Black arm bands that have any impact on the focus on education should not be allowed.

No it shouldn't, but they have in the past, especially when there is an inflammatory meaning behind it. Arm bands have a rich history of being symbols of horrible repression.
Putting on an armband to protest doesn't constitute the use of physical force; therefore, it's universally permissible.
No, it's not universally permissible, you are just wrong. Try putting a little swastika on that arm band and go into a yeshiva.

Schools are not a democracy, children don't run them.

That doesn't mean that administrators are omnipotent, and that children are slaves to the unaccountable "will of the school".
I never said they were slaves to the unaccountable. Believe me I have issues with teachers too, not to mention administrators. It does mean that children must conduct themselves in such a manner that the environment is conducive to learning from a teacher.

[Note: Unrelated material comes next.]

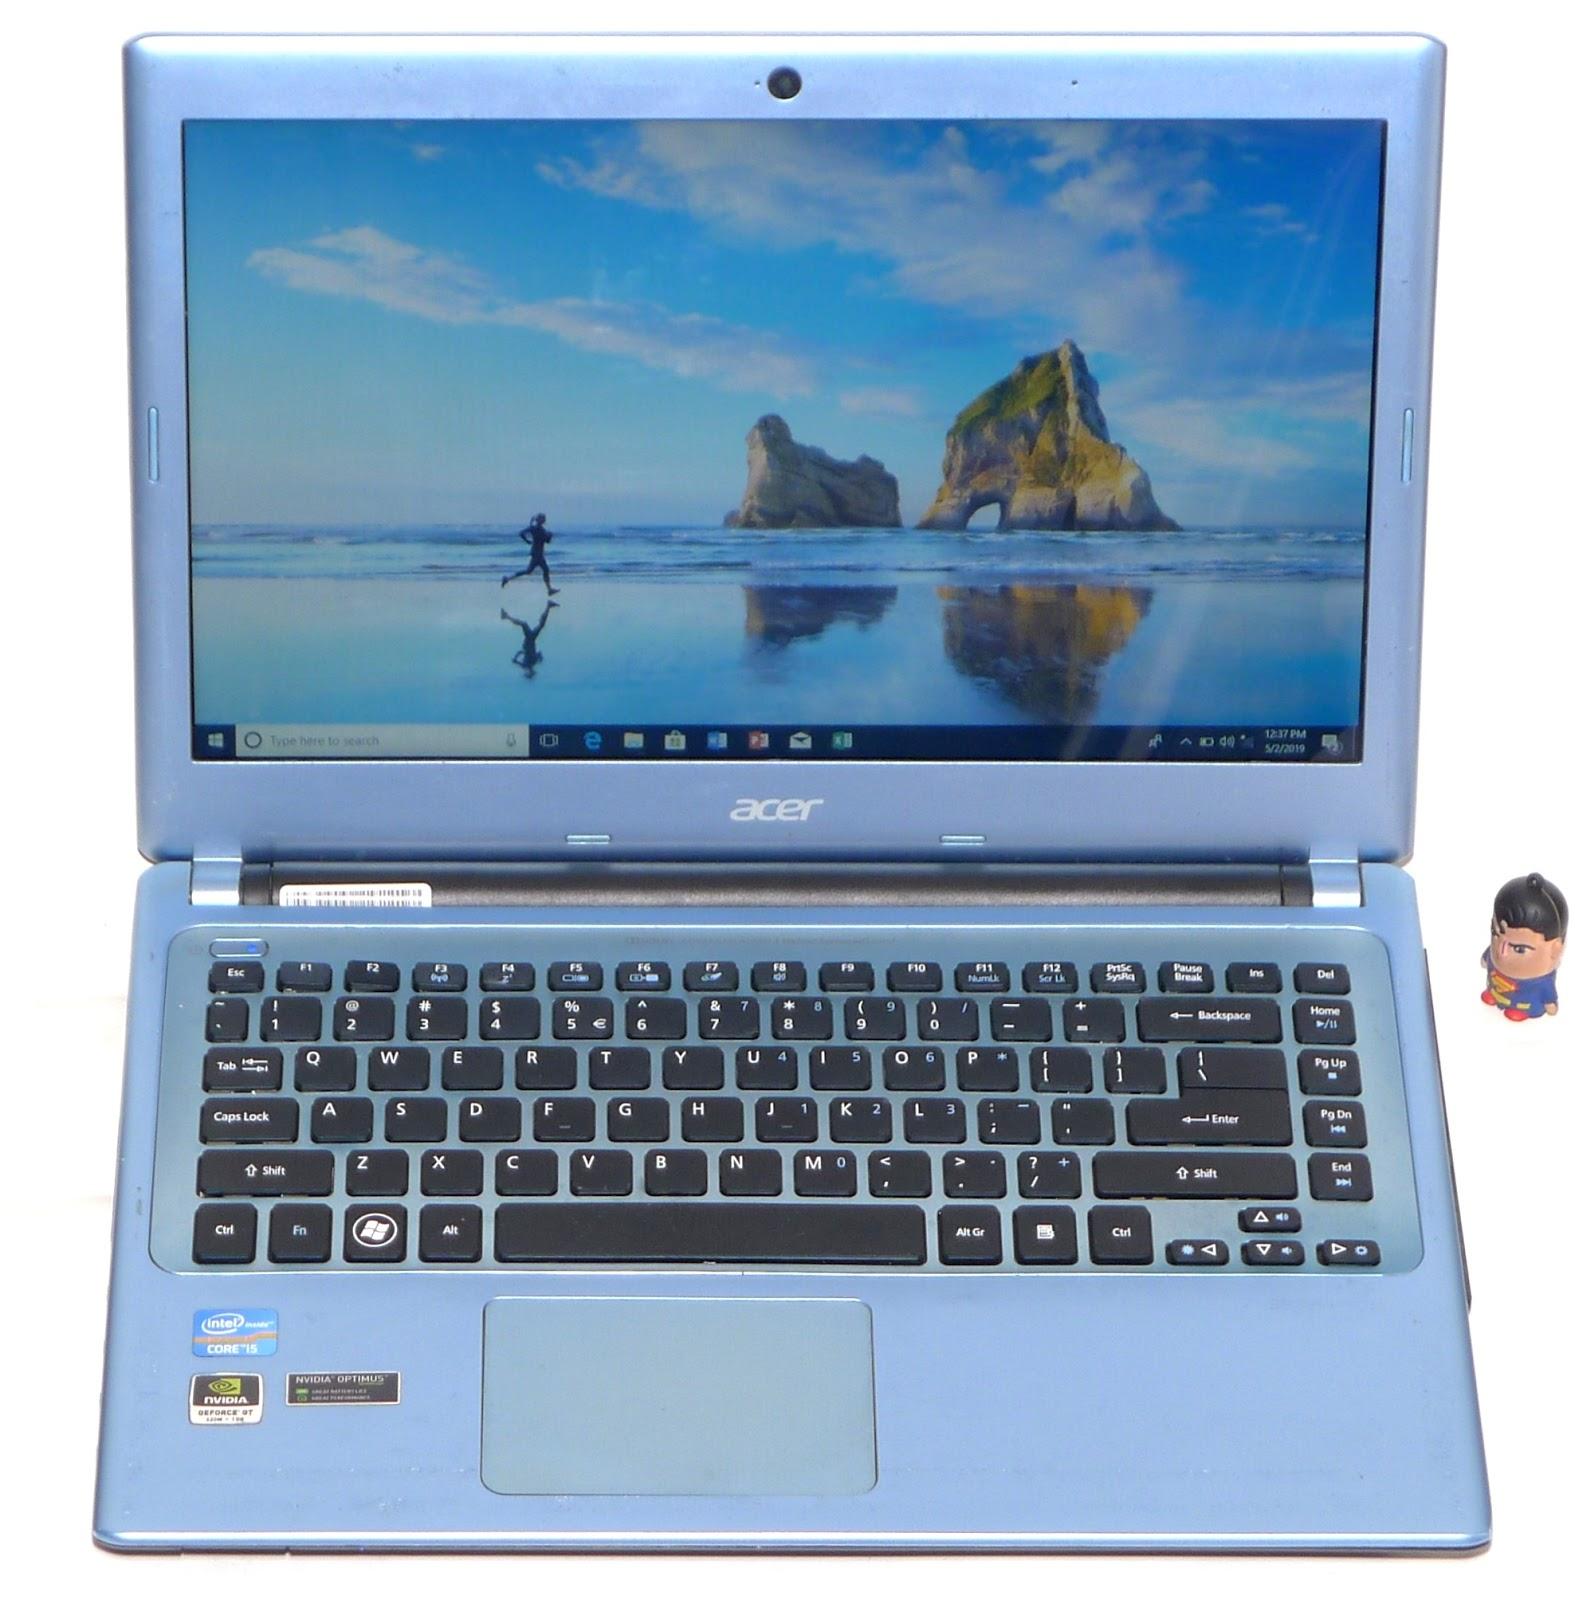 Jual Laptop Gaming Acer V5 471g Core I5 Double Vga Jual Beli Laptop Bekas Kamera Service Sparepart Di Malang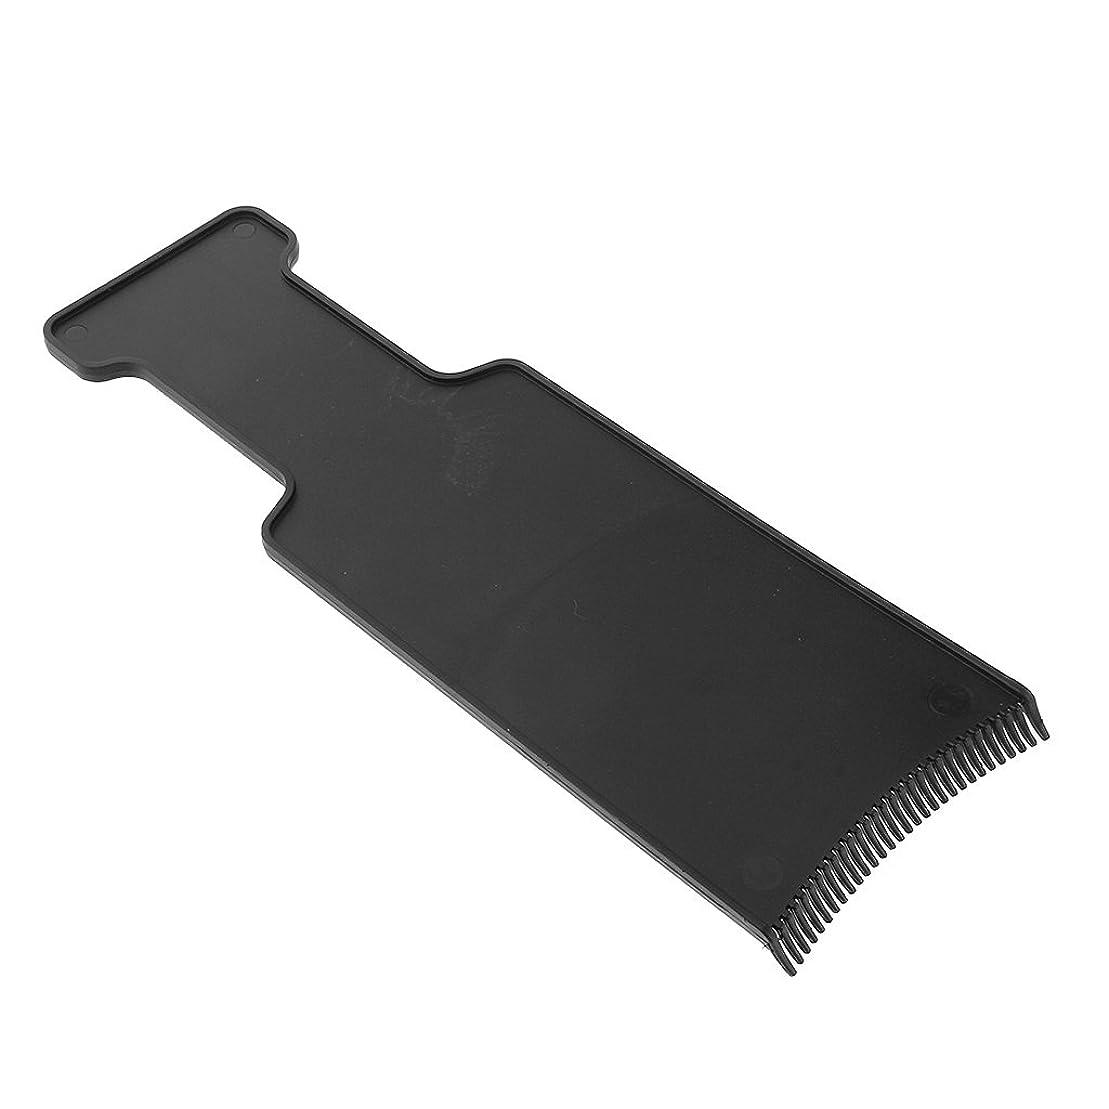 ハッチ発表自動的にヘアカラー ボード 染色 ツール ブラック 全4サイズ - M

In the allowed forum for expression they may exercise their positions.

The "allowed forum"? First of all, the government doesn't get to "allow" anything. The government's job is to prevent people from using force against each other; that is, to protect rights, not decide who gets them.

Not for children. The government tells you that you must go to school, that you cannot drive until you have reached a certain age and can prove adequate ability behind the wheel, the government tells you that you cannot buy alcohol until they allow you.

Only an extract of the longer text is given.